We deployed a set of custom AWS Config rules to each AWS account and Region. All of the accounts authorize a centralized account as the aggregator. Each rule written determines the compliance of a single AWS resource type. One AWS resource is mapped to one rule. A rule might contain multiple conditions that make a resource non-compliant if any of the conditions are met.
An example rule:
All instances must be inside an Auto Scaling group
Here’s one example of how we implemented an AWS Config rule. We use the AWS Auto Scaling API operations to describe all Auto Scaling groups in the account. Then, we used the EC2 API operations to describe all instances. We compared both results to extract the difference between the lists. This requires a large number of describe API calls to gather the information necessary to determine compliance state. Additionally, as these describe calls are being made and lists are built, scaling events are happening which immediately causes the results to drift from the real state of the infrastructure. Some resources that were not complaint at the time of last scan may no longer exist in the account due to scale-in. Because of this, we needed to add verification steps between scans to validate results for cleanup. This adds more time and complexity to the process.

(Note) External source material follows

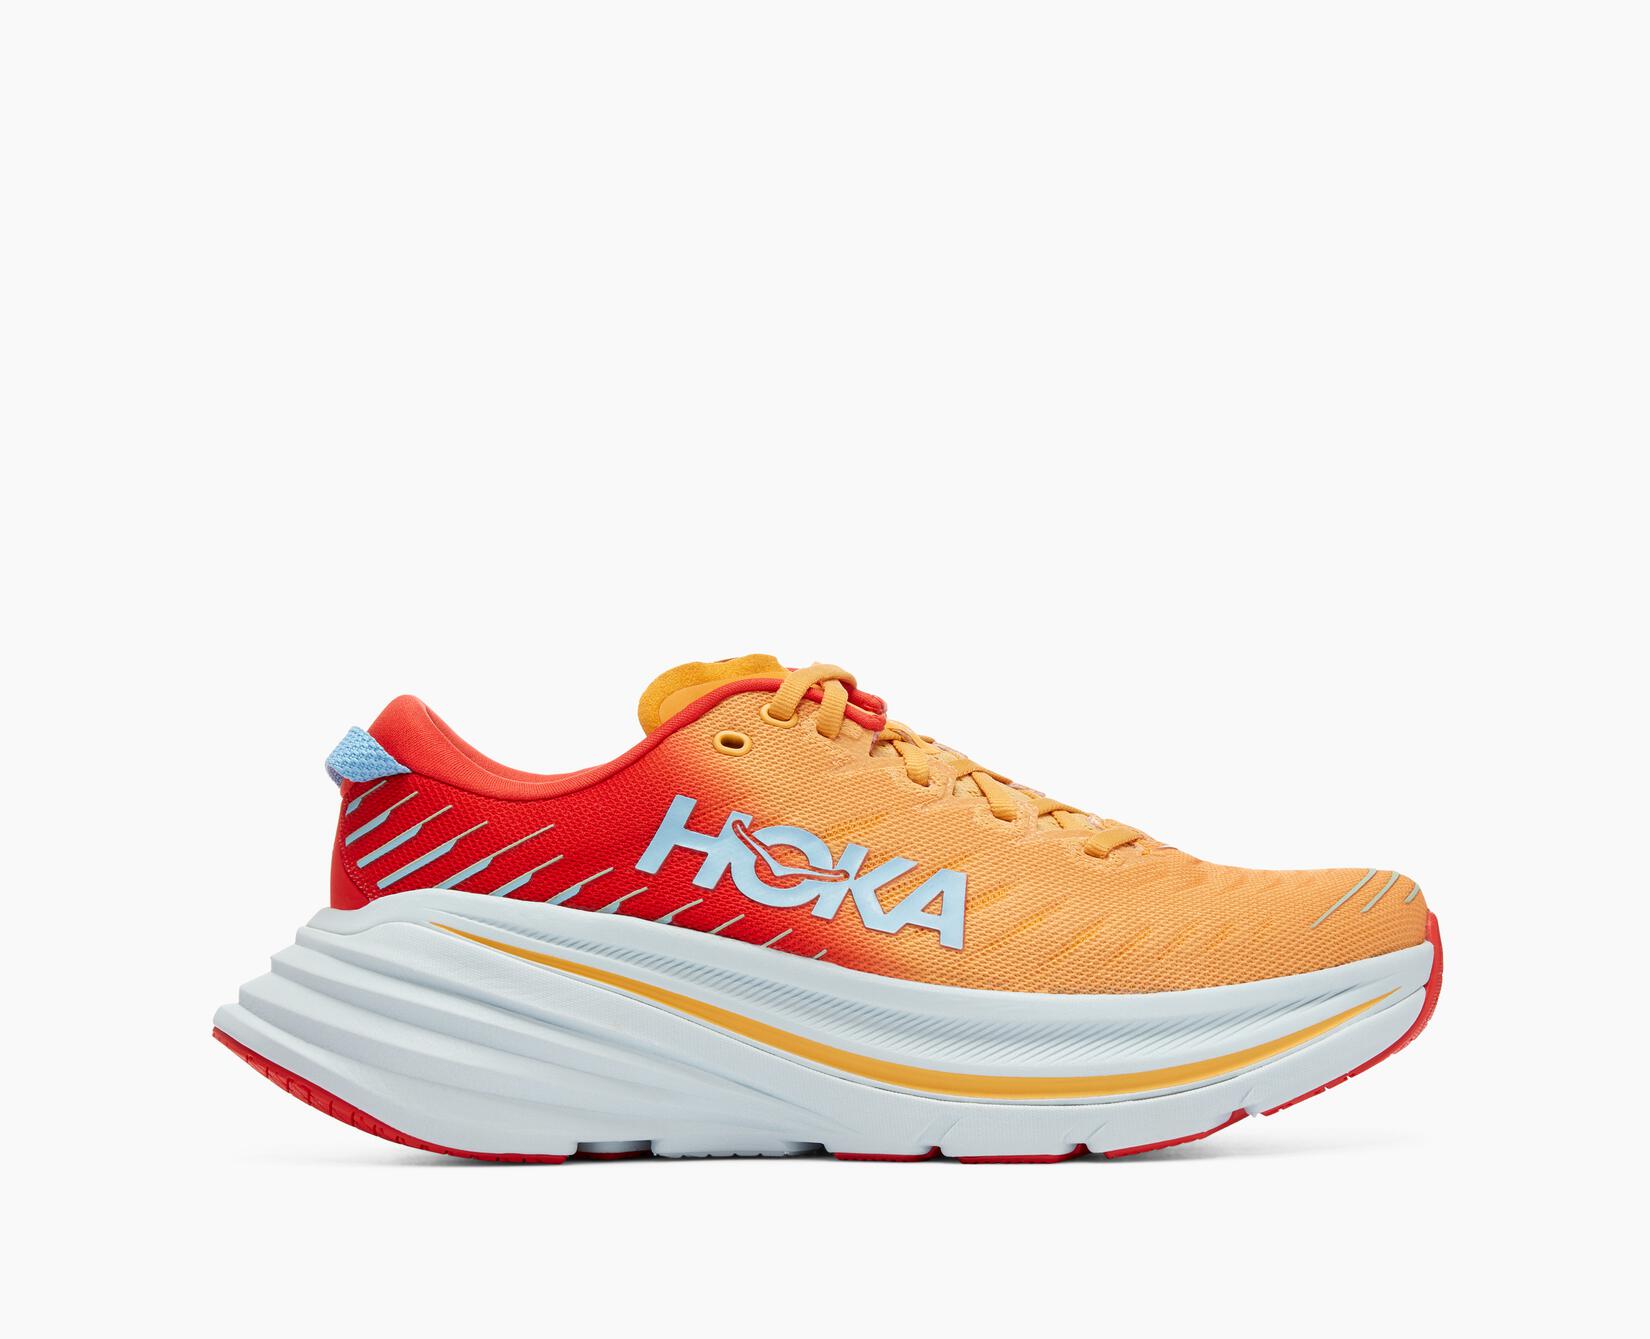 Hoka Running Shoes Review
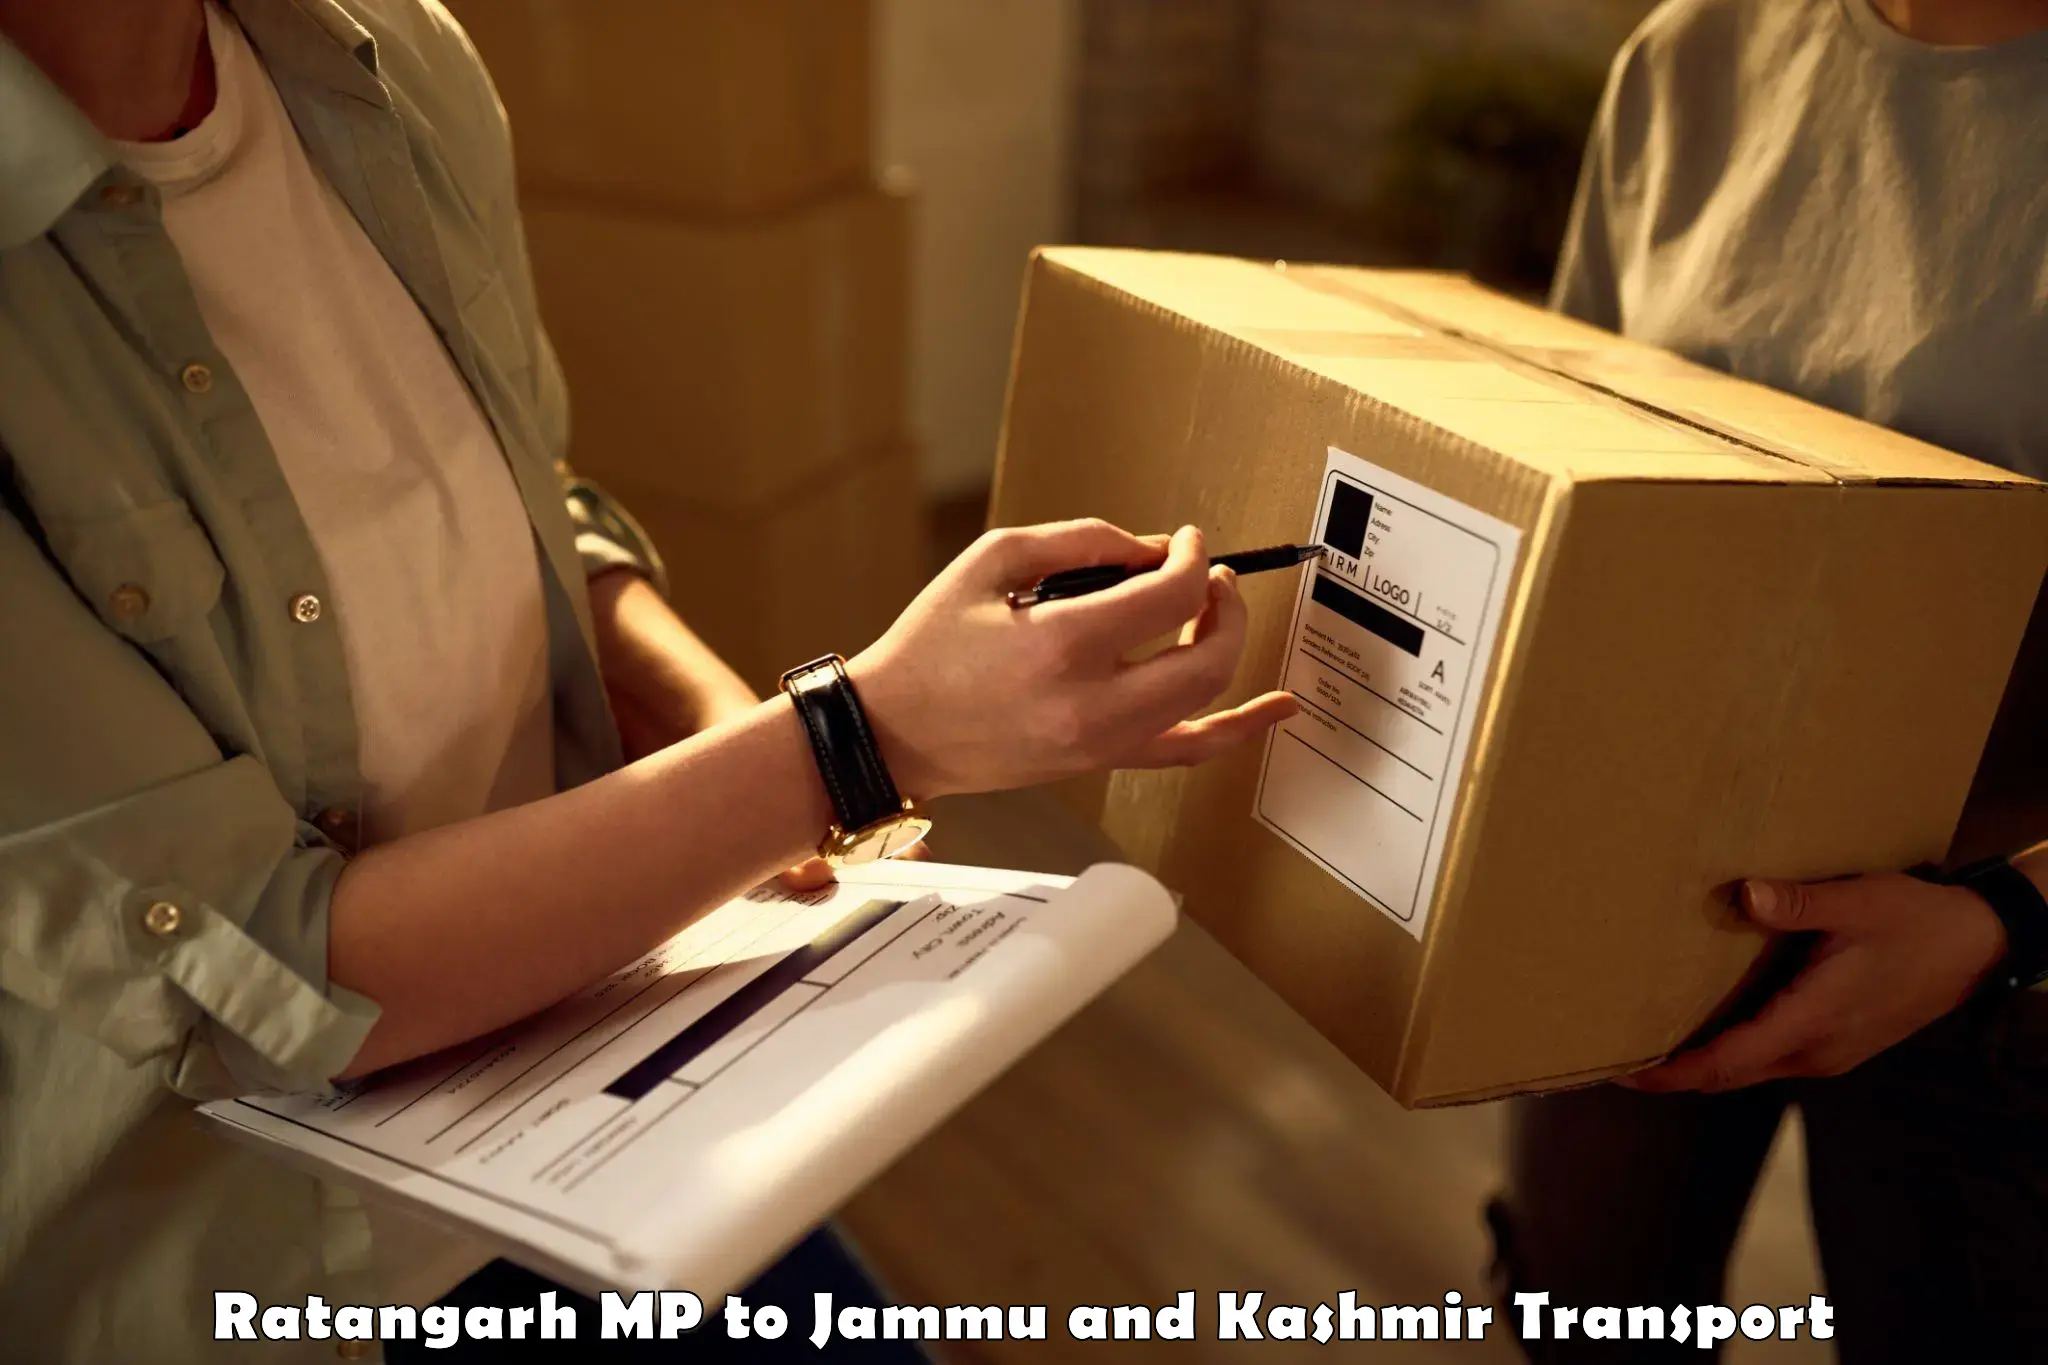 Transportation services Ratangarh MP to Jammu and Kashmir

We used AWS Config to simplify this process. A configuration base change rule is applied to the EC2 instance resource type. The rule checks for changes to the tag: ‘aws:autoscaling:groupName’. This is a tag injected onto instances by AWS when they are part of an Auto Scaling group and exist on all instances in an Auto Scaling group. There are some key advantages to this approach:
- This required zero additional API calls.
- The AWS Config service handles cleanup when a resource is deleted.
- Rules are simple and easy to write.
How does it work? When a resource changes compliance status in AWS Config it emits an event for ‘ComplianceChangeNotification’. A centralized Lambda subscribes to the AWS Config topics from a different AWS account to record data in a DynamoDB table.
Here is what happens when a resource changes states compliant -> non-compliant.
- A Lambda function writes a record to a DynamoDB table with a termination time in the future.
- A Lambda function notifies the owner that the resource is no longer compliant.
- After the termination time, the resource is deleted.
When a resource changes state from non-compliant -> compliant OR any state to NOT_APPLICABLE
- The Lambda function removes the record from the DynamoDB Table.
Is important to mention also that in this process, several additional Lambda functions run periodically to review records in DynamoDB, notify owners before deletion, and then to delete resources past the termination date.
Here is an example of how the process would work step by step:
- Instance i-12345abcd is detached from an Auto Scaling group and the tag ‘aws:autoscaling:groupName’ is removed.
- AWS Config records the tag change because of the Auto Scaling group removal.
- The resource is marked non-compliant in Config.
- AWS Config emits a ComplianceChangeNotification to an Amazon SNS topic and writes a record to DynamoDB Table to shut down the instance in 5 days.
- Instance i-12345abcd is attached back to its Auto Scaling group.
- AWS Config records the change to the tag ‘aws:autoscaling:groupName’.
- The resource is marked compliant in AWS Config.
- AWS Config emits a ComplianceChangeNotification to the SNS topic and removes the termination record from the DynamoDB Table.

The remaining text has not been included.